*Data to process*:
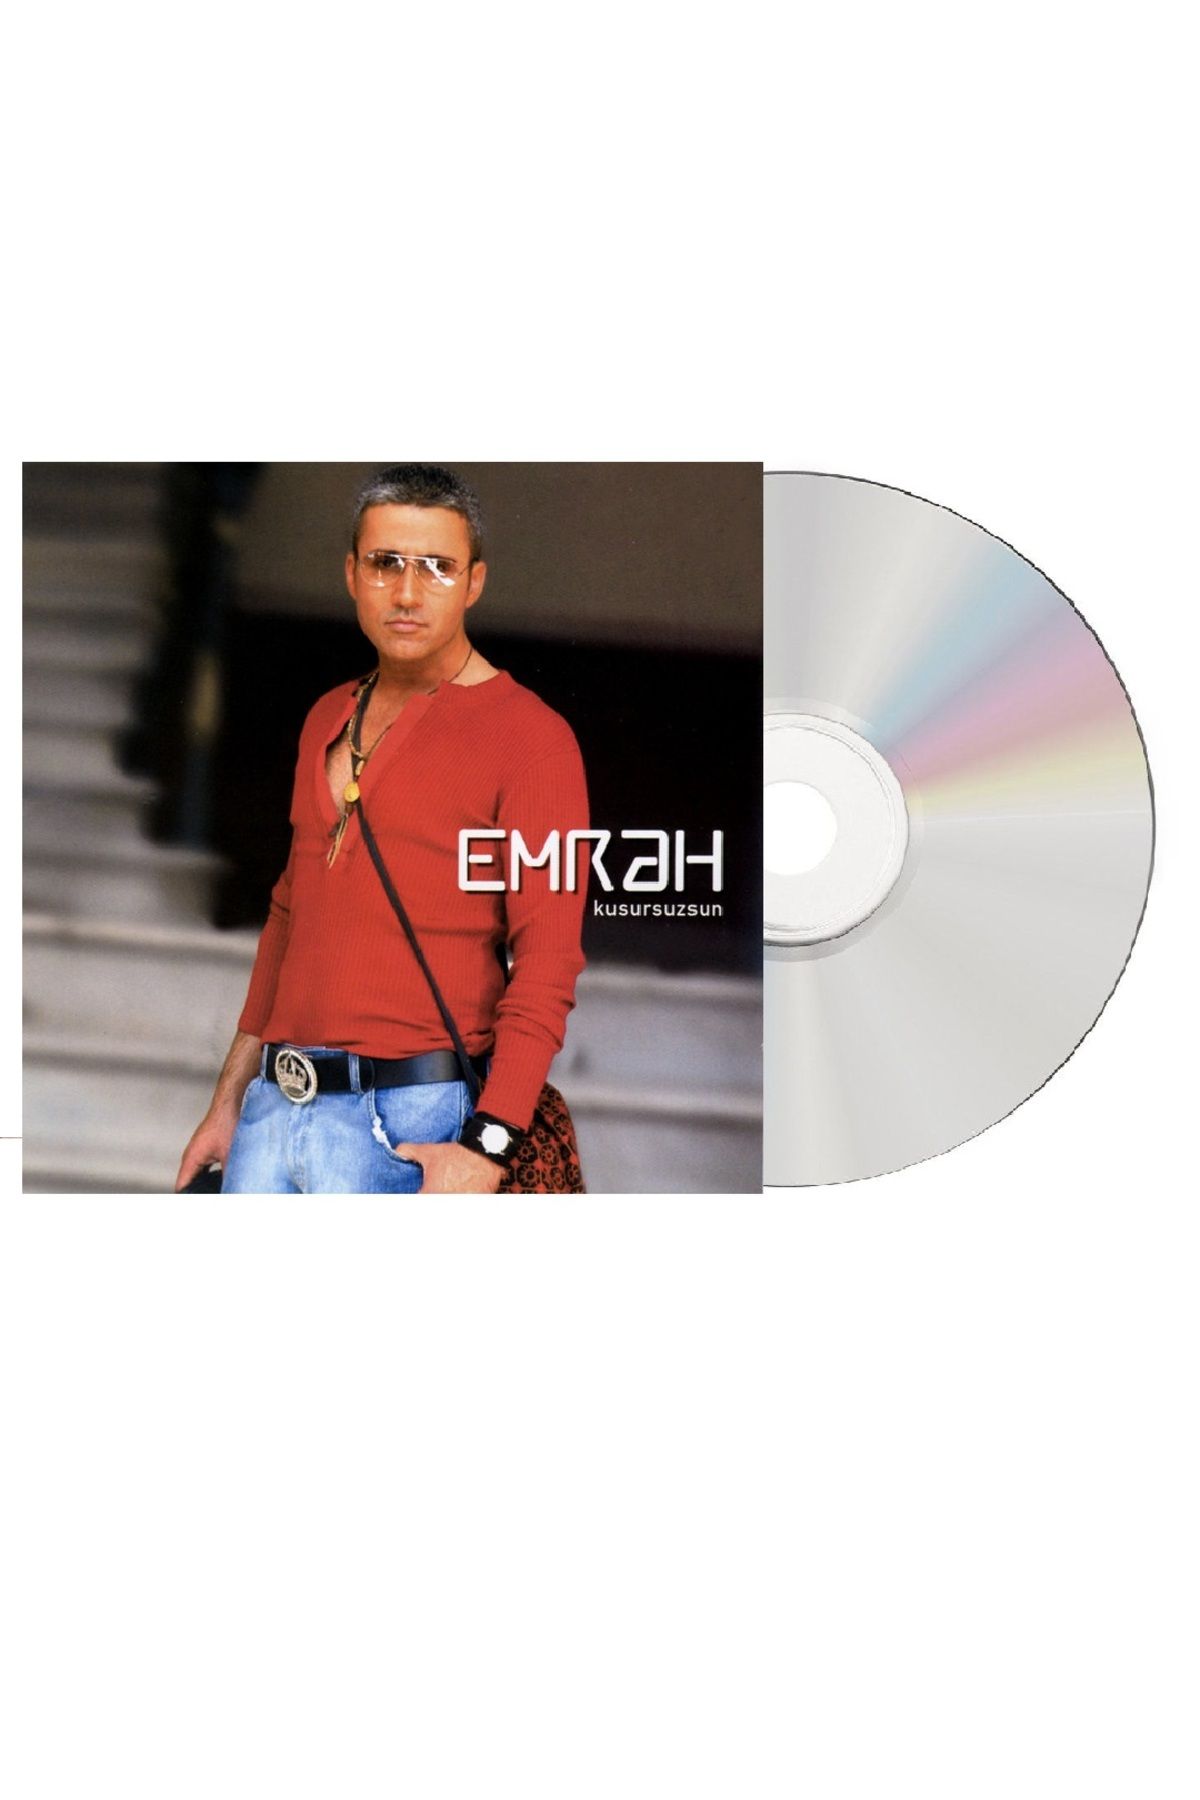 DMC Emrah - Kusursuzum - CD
...
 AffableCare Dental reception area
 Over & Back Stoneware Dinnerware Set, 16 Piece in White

*Problem details*: Please output the lines of the listing above that fall in the stretch from the one with "AffableCare Dental reception area" through the one with "Over & Back", exactly and only those.

*Solution for this problem*:
 AffableCare Dental reception area
 Over & Back Stoneware Dinnerware Set, 16 Piece in White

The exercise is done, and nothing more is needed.